Benchmark Results: Todo App (V1 → V5, 4 agents)

Metric V1 V2 V3 V4 V5
Total Tokens 7.2M 3.9M 14.6M 15.0M 5.7M
PM Tokens 0.3M 0.2M 10.1M 9.8M 1.8M
PM % of Total 4% 5% 69% 65% 32%
Turns 233 164 326 308 216
Duration 47min 13min 10min 9min 14min
Flags (issues) 4 3 5 3 0
Context Bloat (PM) 7.07x 10.56x 6.62x 7.04x 2.84x

Benchmark Results: Classroom Quiz (fully automated loop)

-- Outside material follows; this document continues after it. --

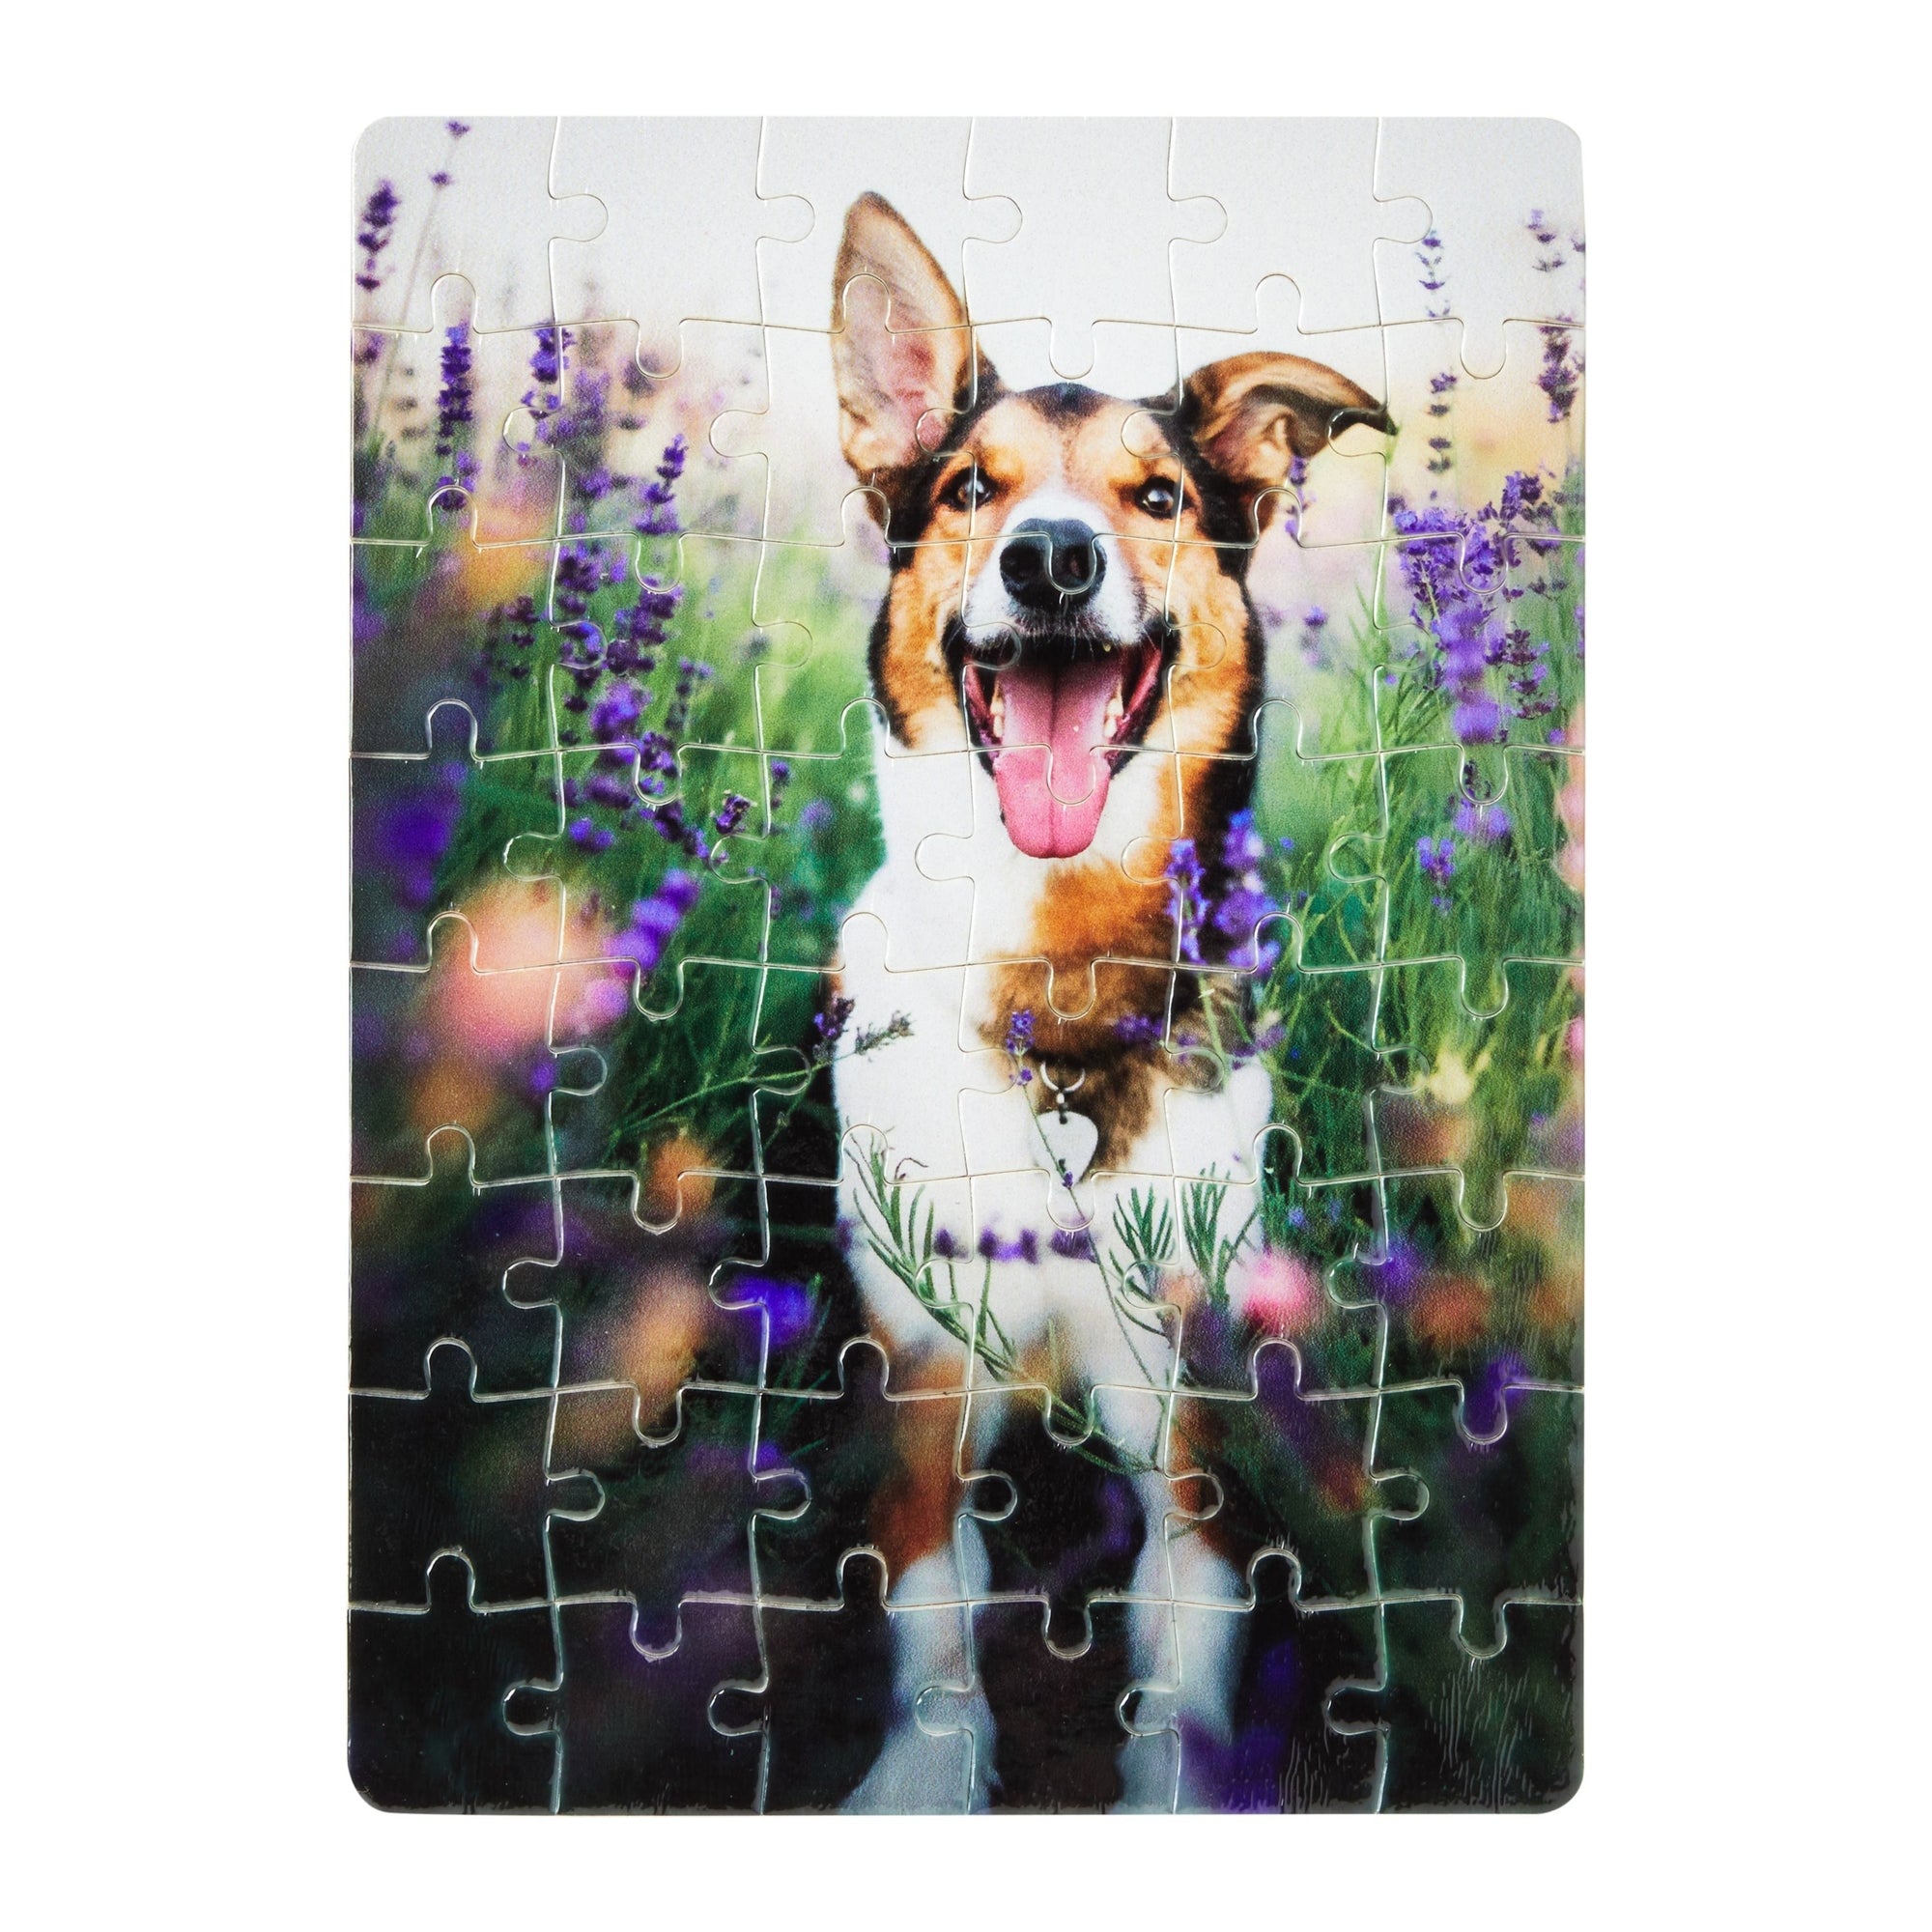 10 Pack A4 Blank Sublimation Puzzles, Custom Puzzle for DIY Crafts, White  Cardboard Heat Press Jigsaw, 120 Pieces, Bulk

Metric V1 (Before) V2 (After Loop) Change
Total Tokens 23.1M 13.8M -40%
PM Tokens ~15.2M ~1.3M -91%
Turns 460 353 -23%
Flags 14 3 -79%
STUB_FILE 8 0 eliminated
Context Bloat (PM) 7.87x 2.84x -64%

What the system learned and built

Iteration Problem Found What Was Built
V1→V2 Hub falsely kills agents during boot; PM writes code Startup grace period (180s); role presets with tool bans
V2→V3 Codex PM ignores prompt constraints (shell_command 4→42x) --disallowedTools CLI enforcement; switched PM to Claude
V3→V4 PM uses Glob to monitor workers; artifacts overwritten to 0 bytes Expanded disallowed tools; 0-byte content rejection at MCP layer
V4→V5 PM polling explodes (28x check_status); stubs pass validation McpRateLimiter (5 calls/60s); CODE_MIN enforcement; post-completion quiesce
CQ V1→V2 8 stub files; PM 66% of tokens on polling Same fixes applied automatically — stubs eliminated, tokens -40%
       23.1M ┤                         * CQ-V1
             │
       15.0M ┤               * V3  * V4
       13.8M ┤                            * CQ-V2
             │
        7.2M ┤  * V1
        5.7M ┤                                  * V5
        3.9M ┤      * V2
             │
           0 ┼──────────────────────────────────────
             V1   V2   V3   V4  CQ1  CQ2   V5

Key insight: Prompt constraints are suggestions. CLI-level enforcement is law. Agents adapt and route around soft limits — the fix must be architectural.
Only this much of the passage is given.